Een kerstfeestje in mineur dat wel. Donderdagnacht voelde ik het één en ander rommelen in mijn maag- en darmstelsel. Misschien zat de sushi die ik donderdagavond nuttigde met de onvolprezen Lime er voor iets tussen of misschien had het virus dat mijn vriend vorig weekend geveld had en waaraan ik dacht ontsnapt te zijn dan toch fijntjes wraak genomen.

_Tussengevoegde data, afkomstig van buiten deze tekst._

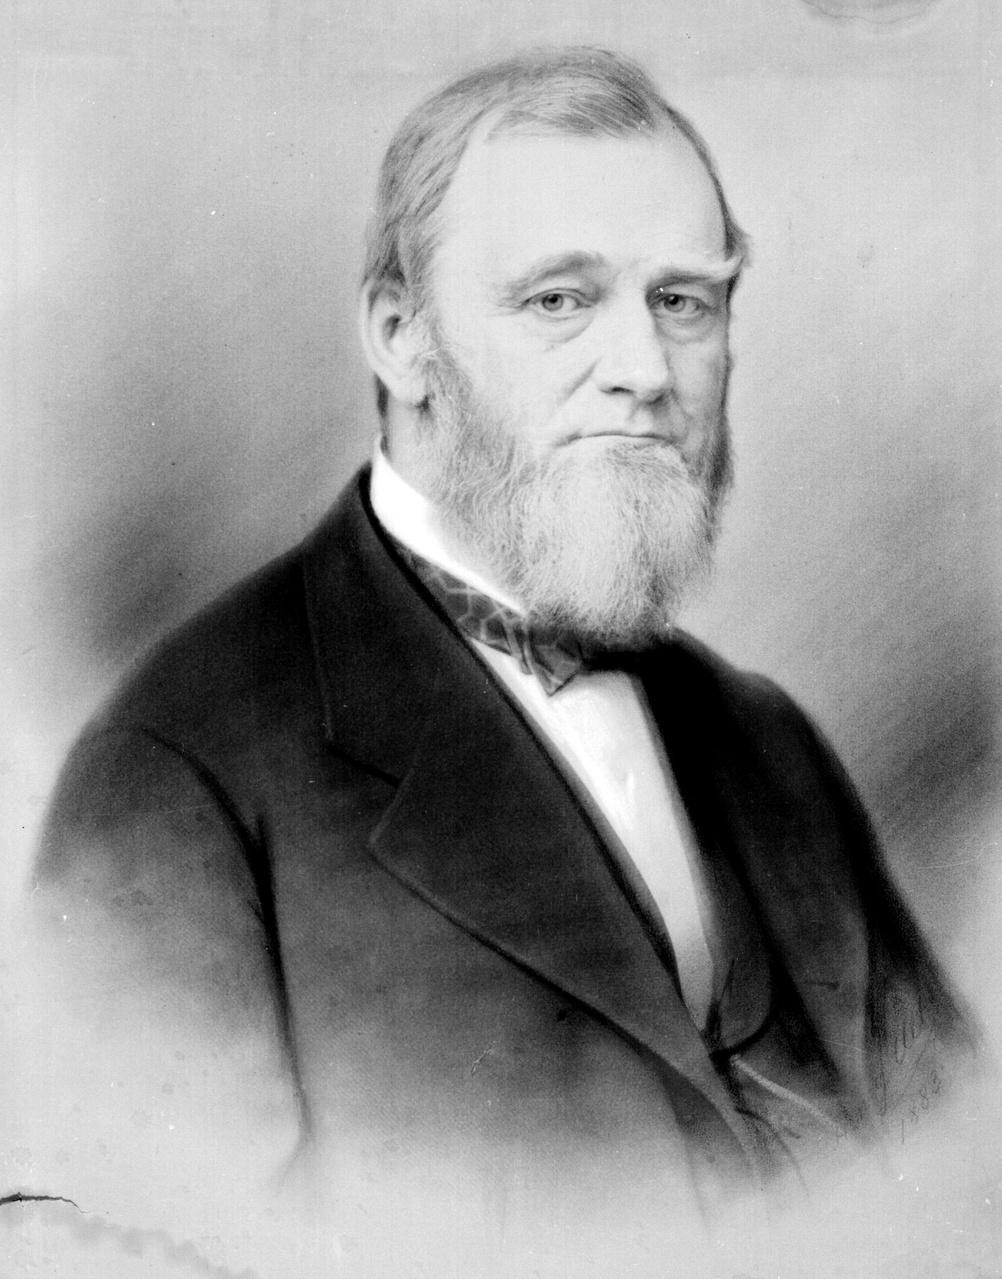 Portrait of Spencer Baird

Feit is dat ik me vrijdagochtend op de allerlaatste werkdag van het jaar behoorlijk slapjes voelde.
Slechte timing, want we zouden met mijn team ‘s middags ‘s avonds iets gaan eten en in de namiddag stond er een drink met de ganse afdeling op het programma om te klinken op de goede afloop van heel wat heikele dossiers. Ik voelde me behoorlijk mottig, maar raapte mezelf motiliumgewijs bijeen om toch de laatste dag en de laatste loodjes op enigszins aanvaardbare manier door te komen.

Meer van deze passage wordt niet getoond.